## DATASET CONTENT
***

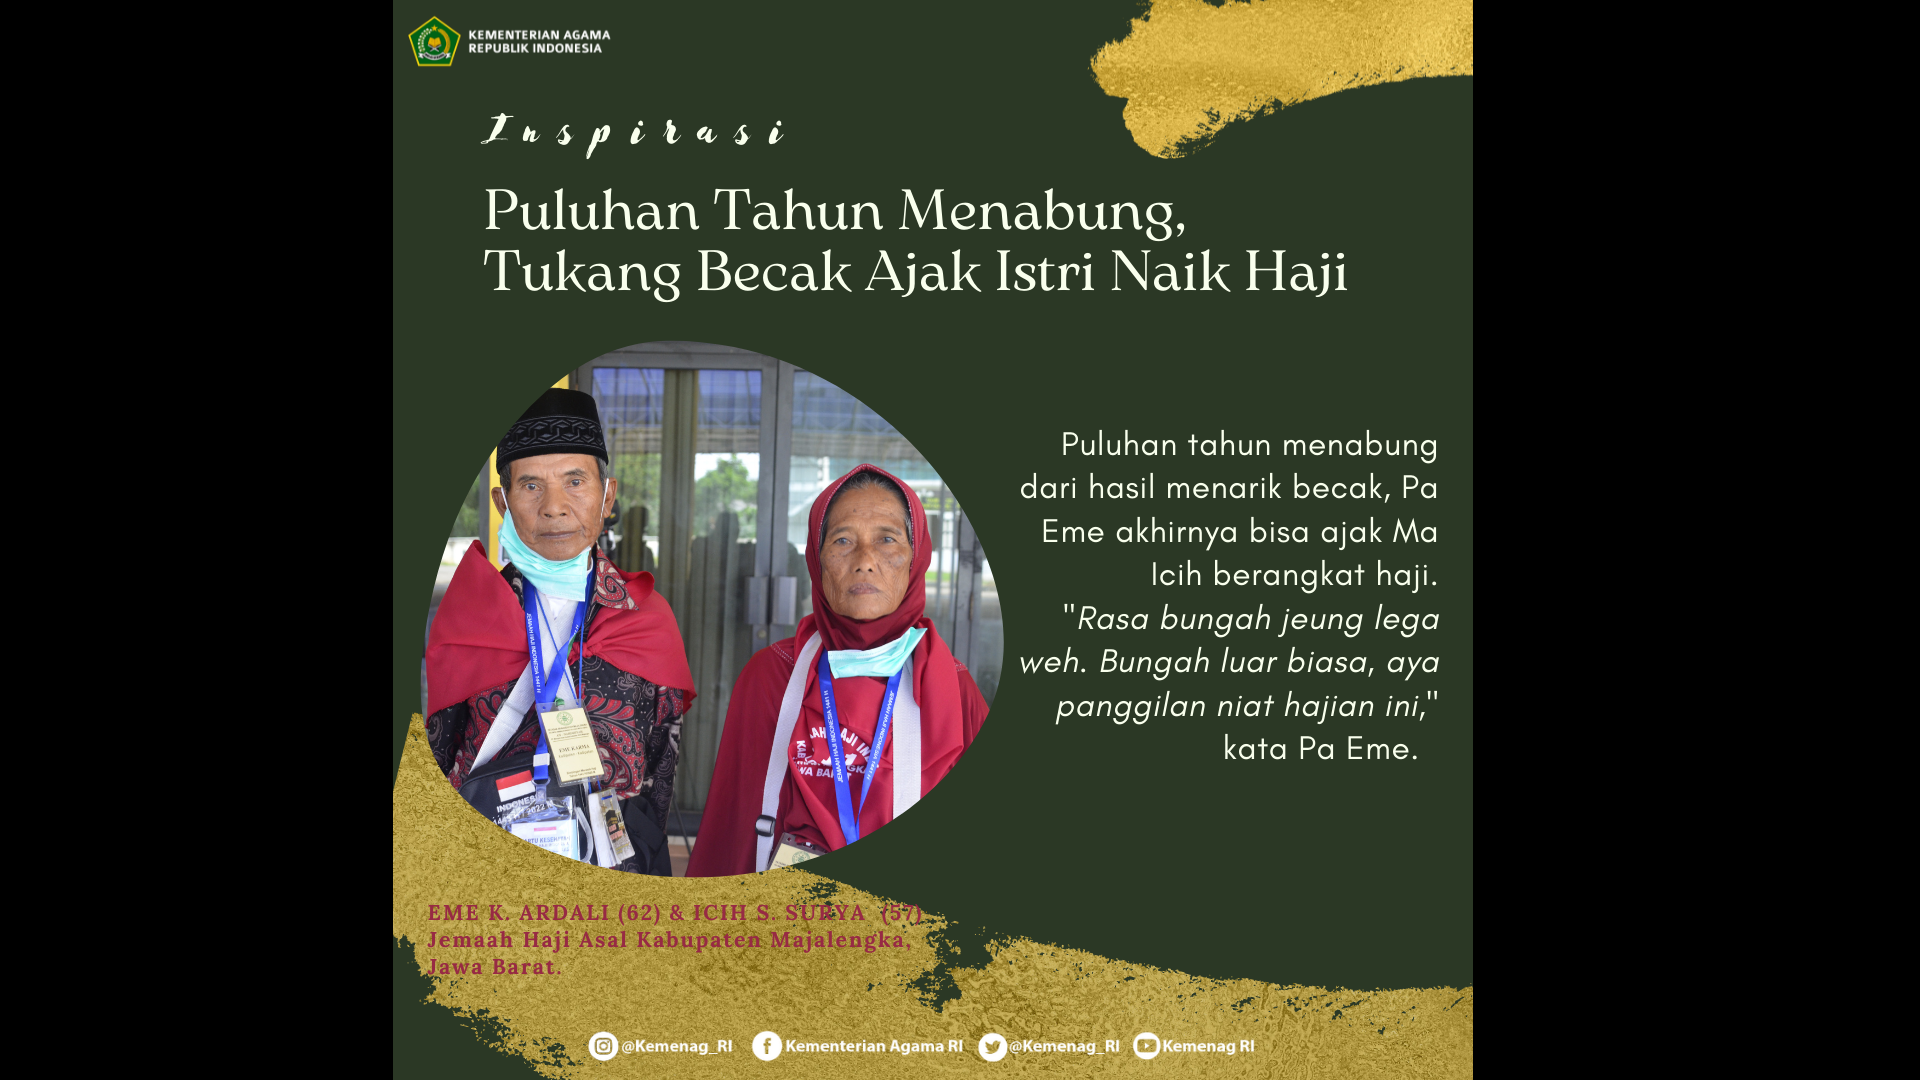 Eme K. Ardali (62) dan Icih Salsih Surya (57), jemaah haji asal Kab. Majalengka, Jawa Barat.
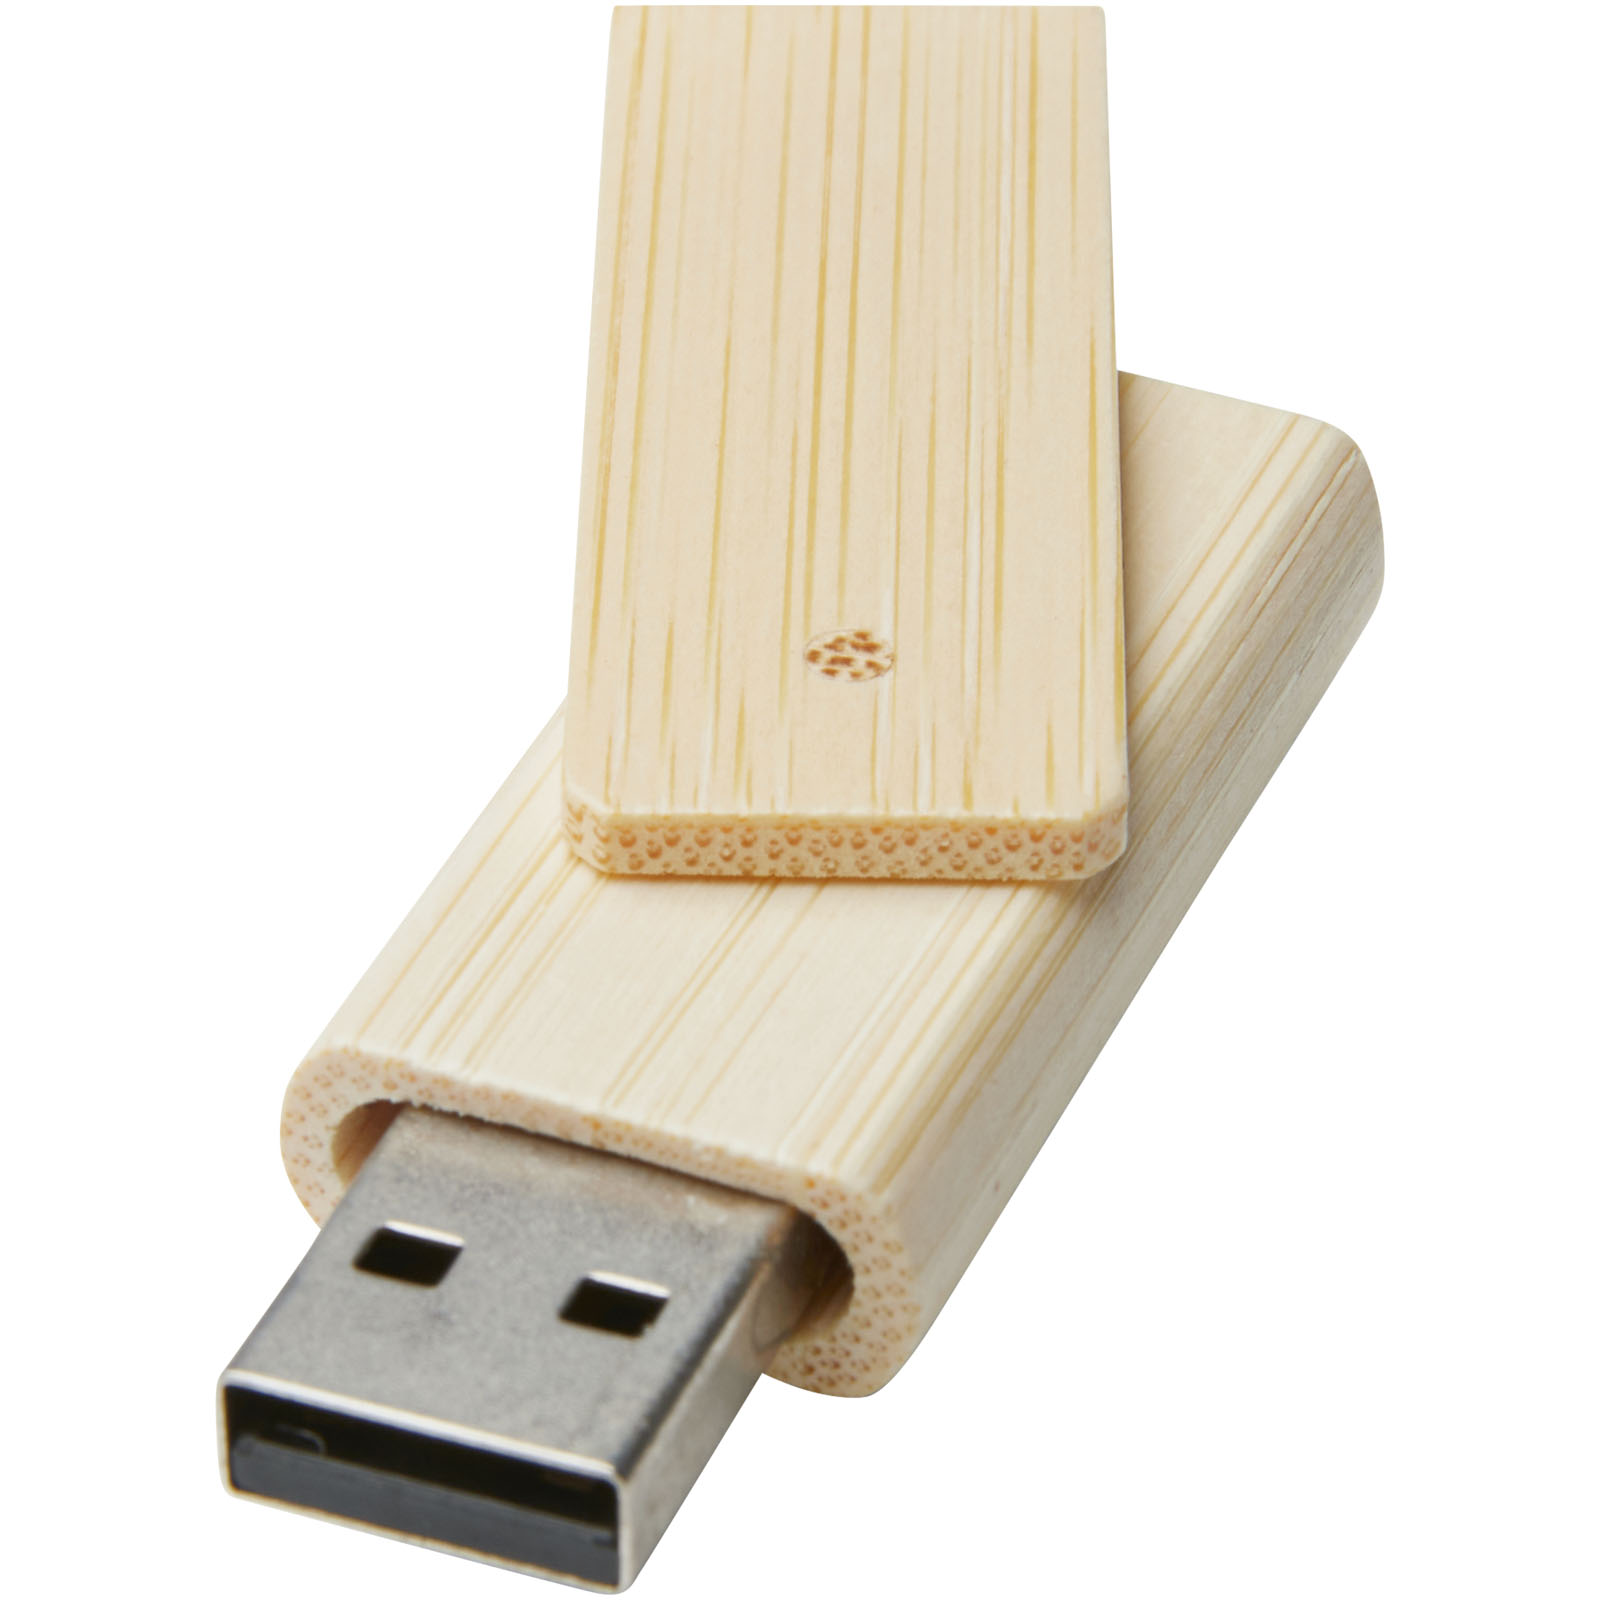 Clés USB publicitaires - Clé USB Rotate 16 Go en bambou
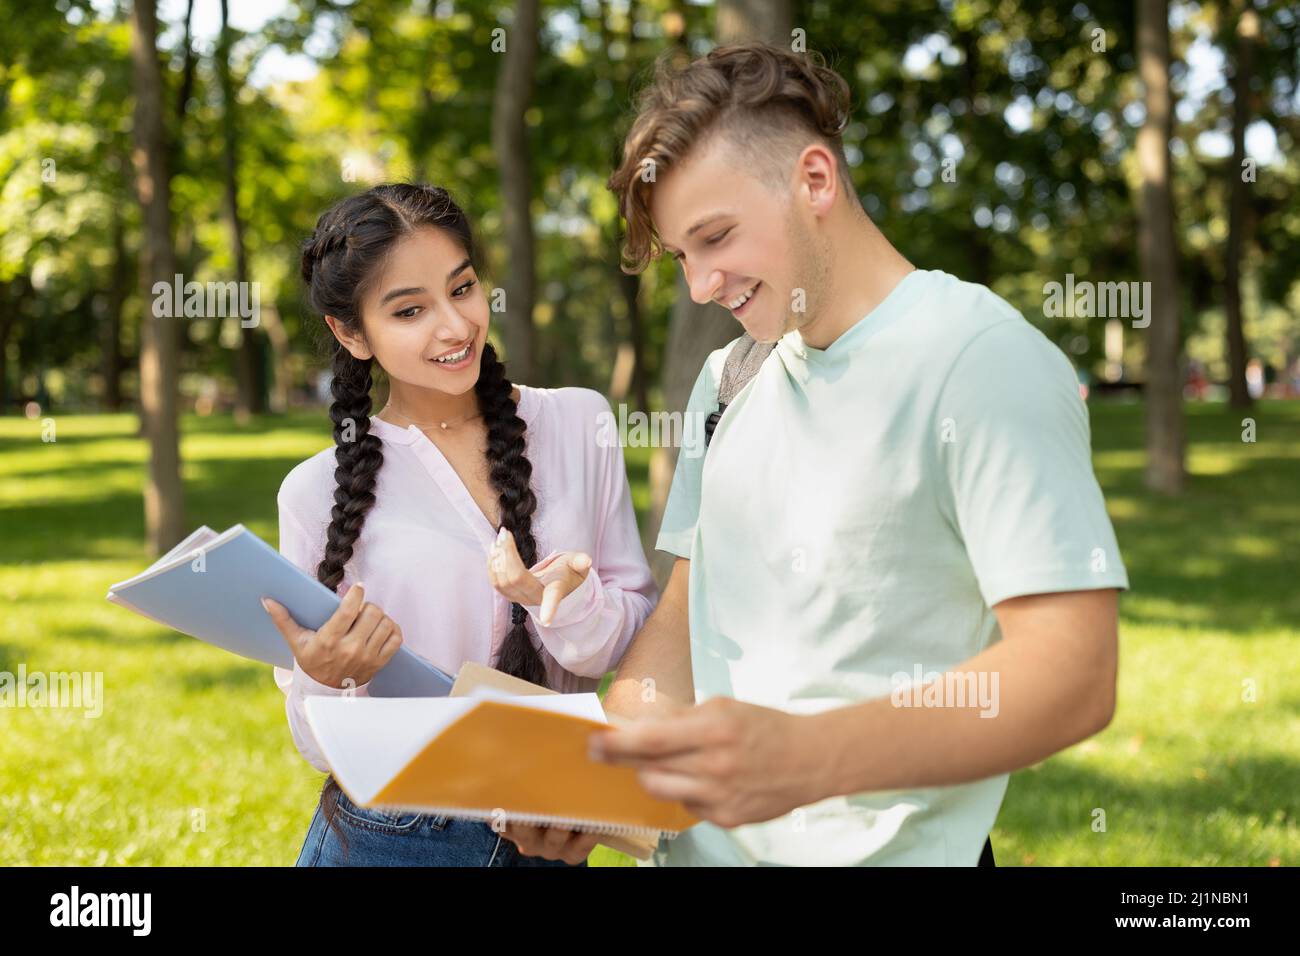 Glückliche, vielfältige Studenten studieren mit Büchern, bereiten sich auf den Unterricht vor, während sie auf dem Universitätscampus im Freien spazieren gehen Stockfoto

***

## WHAT THIS TASK INVOLVES
Please give the data again unaltered, leaving out any images.

## YOUR RESPONSE
 Eme K. Ardali (62) dan Icih Salsih Surya (57), jemaah haji asal Kab. Majalengka, Jawa Barat.
 Clés USB publicitaires - Clé USB Rotate 16 Go en bambou
 Glückliche, vielfältige Studenten studieren mit Büchern, bereiten sich auf den Unterricht vor, während sie auf dem Universitätscampus im Freien spazieren gehen Stockfoto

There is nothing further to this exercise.